Manufacture sur Seine - Réinventer la terre Quartier de logements, bureaux et autres activités à Ivry-sur-Seine

Lauréat appel à projets international "Réinventer la Seine 2017"

« Manufacture-sur-Seine, Réinventer la terre » est une architecture manifeste en terre crue conçue avec les architectes Wang Shu et Ly Wenyu (Amateur Architecture Studio) et l’agence Lipsky+Rollet. Le projet s’inscrit dans la trame des anciens bassins de l’usine des eaux d’Ivry et surplombe un système d’espaces verts ouverts sur la Seine.
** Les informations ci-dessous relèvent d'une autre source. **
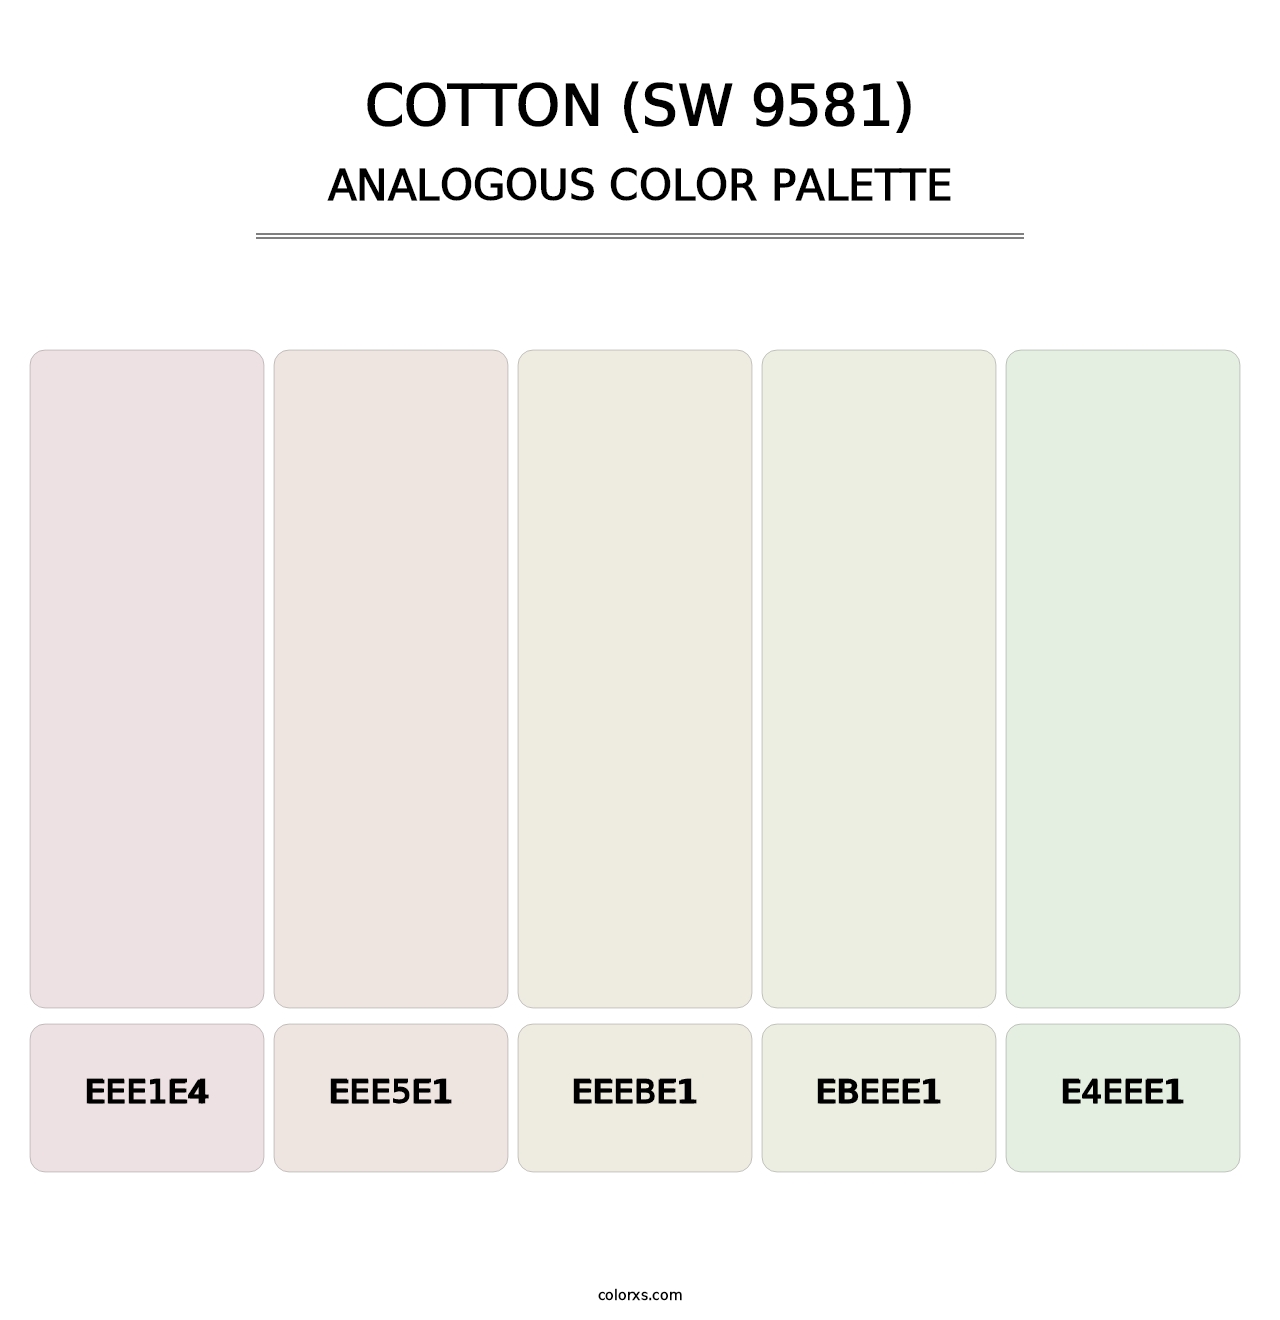 Cotton (SW 9581) - Analogous Color Palette

Le « village » créé, en terre crue et ossatures béton et bois, est accompagné d’un « ruban » d’ateliers et de bureaux venant coiffer l’ancienne usine.

Economie circulaire
Mise en oeuvre de techniques de terre crue issue des terres de Paris
Agriculture urbaine, biodiversité
Service éco-systémique
Conception bas carbone

  • Contexte : Ivry-sur-seine
  • Condition : Appel à projets « Réinventer la seine »
  • Maîtrise d'ouvrage : Groupe Quartus / CPA CPS / Habitat et Humanisme
  • Surface : 58 150 m²
  • Budget : NC
  • Calendrier : Livraison 2024
  • Mission : Architectes coordinateurs + HQE + terre crue
  • Équipe : Amateur Architecture Studio (Wang Shu & Lu Wenyu), Lipsky + Rollet, Quartus immobilier
  • Chefs de projet : Lorenzo Fauvette (concours)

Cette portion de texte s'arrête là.